7 nanometer (7 nm) lithography process forcing a new architecture
Rome is using the new 7nm Zen 2 microarchitecture. A smaller lithography process (7nm vs. 14nm) allows CPU manufacturers to cram more CPU cores in a CPU package. However, there are more elements on a CPU chip than CPU cores alone, such as I/O and memory controllers. The scalability of I/O interfaces is limited, and therefore, AMD decided to use a separated and more massive 14nm die that contains the memory and I/O controllers. This die is typically revered to as the server I/O Die (sIOD). In the picture below, you see a side by side comparison of an unlidded Naples (left) and an unlidded Rome, exposing the core chiplet dies and the SIOD.
Naples Zeppelin vs. Rome Chiplet
The photo above provides a clear overview of the structure of the CPU package. The Naples CPU package contains four Zeppelin dies (black rectangles). A Zeppelin die provides a maximum of eight Zen cores. The cores are divided across two compute complexes (CCX). A Zeppelin of a 32 core EPYC contains 4 cores per CCX. When Simultaneous Multi-Threading (SMT) is enabled, a CCX offers eight threads. Each CCX is connected to the Scalable Data Fabric (SDF) through the Cache-Coherent Master (CCM) that is responsible for sending traffic cross CCXes. The SDF contains two Unified Memory Controllers (UMC) connecting the DRAM memory modules. Each UMC provides a memory channel to two DIMMs. Providing the memory capacity of 4 DIMMs in total. Due to the combination of Cores, cache, and memory controller, a Zeppelin is a NUMA domain. To access a “remote” on-package memory controller, the Infinity Fabric On Package Controller (IFOP) sets up and coordinates the data communication.
The Rome CPU package contains a 14nm I/O Die (the center black rectangle), and 8 chiplet dies (the smaller black rectangles). A Rome chiplet contains two CCX’es with each containing four cores and L3 cache, but no I/O components or the memory controllers.
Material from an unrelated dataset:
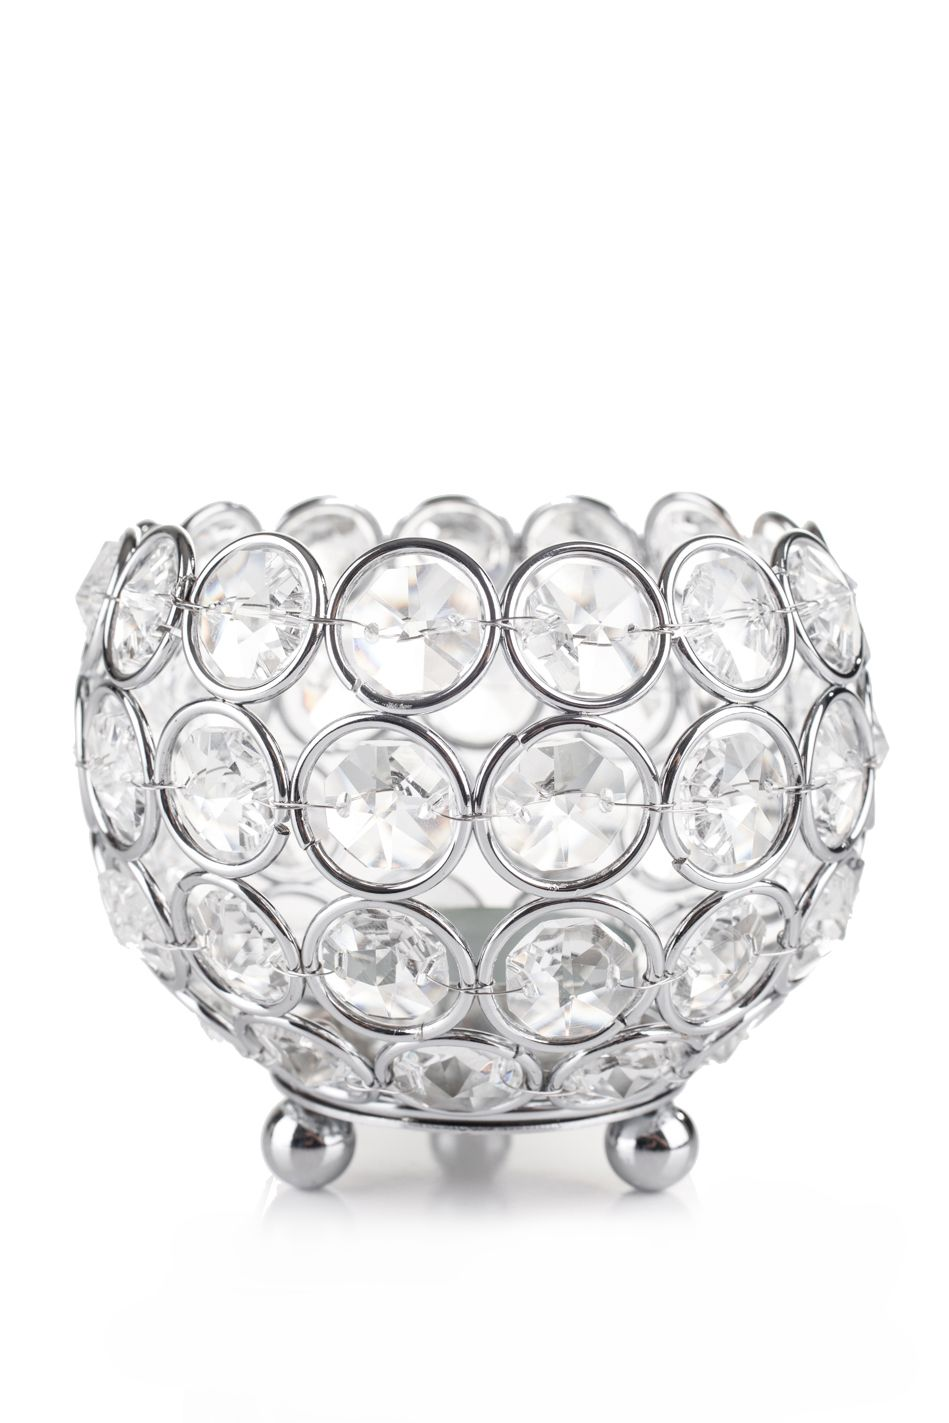 Candle Holder Round Real Beaded Crystal Votive Prestige 4

There is a small Infinity Fabric “controller” on each CCX that connects the CCX to the sIOD. As a result, every memory read beyond the local CCX L3 cache has to go to the sIOD. Even for a cache line (data from memory stored in the cache) that is stored in the LL3 cache of the CCX sharing the same Rome chiplet. A Chiplet is a part of the NUMA Domain.
NUMA Domain per Socket
As mentioned before, a NUMA Domain, typically called NUMA node, is a combination of CPU cores, cache, and memory capacity connected to a local memory controller. Intel architecture design uses a single NUMA Domain per Socket (NPS), AMD Naples offered four NPS, while Rome is back to a single NPS. Single NPS simplifies VM and application sizing while providing the best and consistent performance.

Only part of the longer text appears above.